Carl Edvard Sonne (1 December 1804 – 3 January 1878) was a Danish printmaker. His work consisted exclusively of reproductions of works by other artists, especially genre paintings, which reached a large audience through Kunstforeningen. He was the brother of painter Jørgen Sonne.

Life

Early life and education

Sonne was born on 1 December 1804 in  Birkerød, the son of printmaker  Jeppe Jørgen Sonne (1771–1833) and Else Cathrine Zimmer (1771–1851). He trained as a printmaker under his father and at the Royal Danish Academy of Fine Arts in 1819–28. He was also trained in drawing privately under J. L. Lund.
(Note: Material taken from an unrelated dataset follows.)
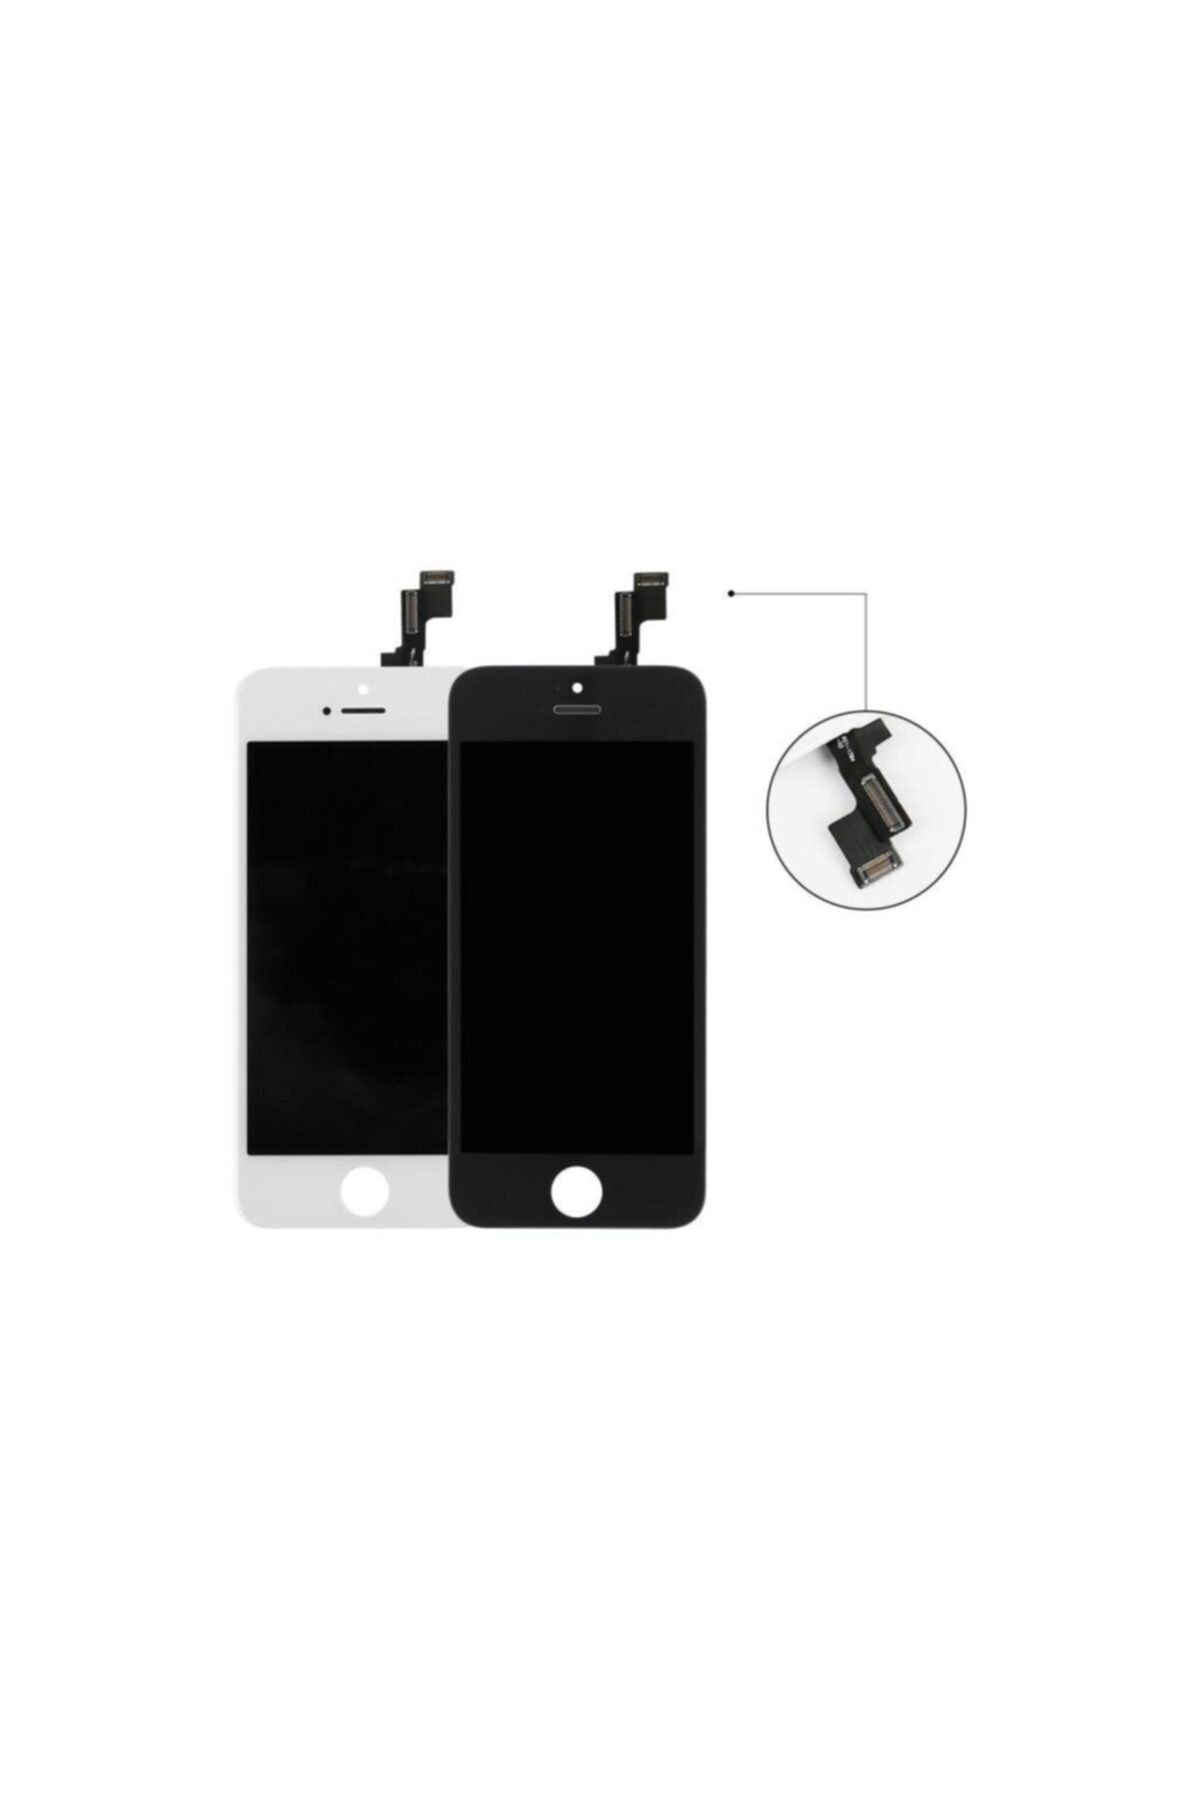 Meier Ekranbaroni Apple Iphone 5s Lcd Ekran Dokunmatik Cam Siyah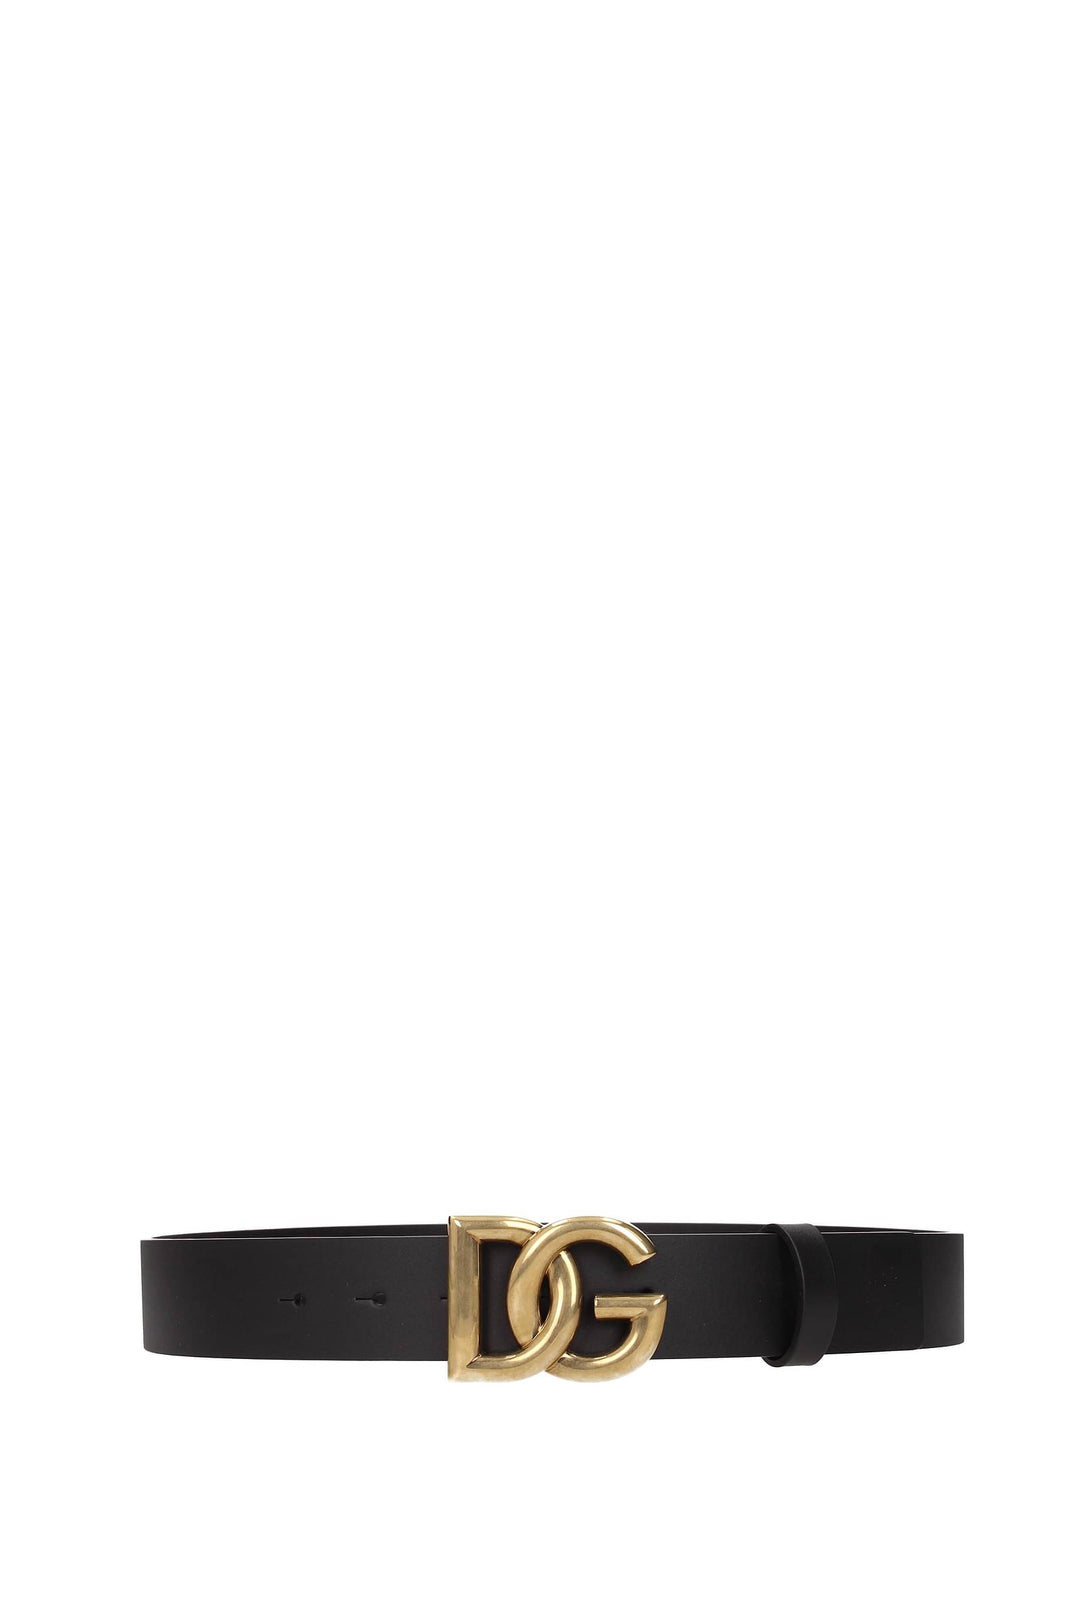 Cinture Regular Pelle Nero Oro - Dolce&Gabbana - Uomo

In 1826 and 1828 he published 18 reproductions of works by mostly contemporary artists such as Herman Wilhelm Bissen, Ditlev Blunck, Albert Küchler, Martinus Rørbye and others.

Italy, 1828–1847
In 1828, prompted by J. F. Clemens' high age and poor health, Sonne travelled to Parma to continue his training under Paolo Toschi. He ended up spending the next 20 years in Italy, working at leading graphic workshops in both Parma and Turin.

Career in Denmark
On his return to Copenhagen in 1847, Sonne was made an associated member of the art academy but was not accepted as a real member until 1858. He exhibited his works at Charlottenborg in 1826–76.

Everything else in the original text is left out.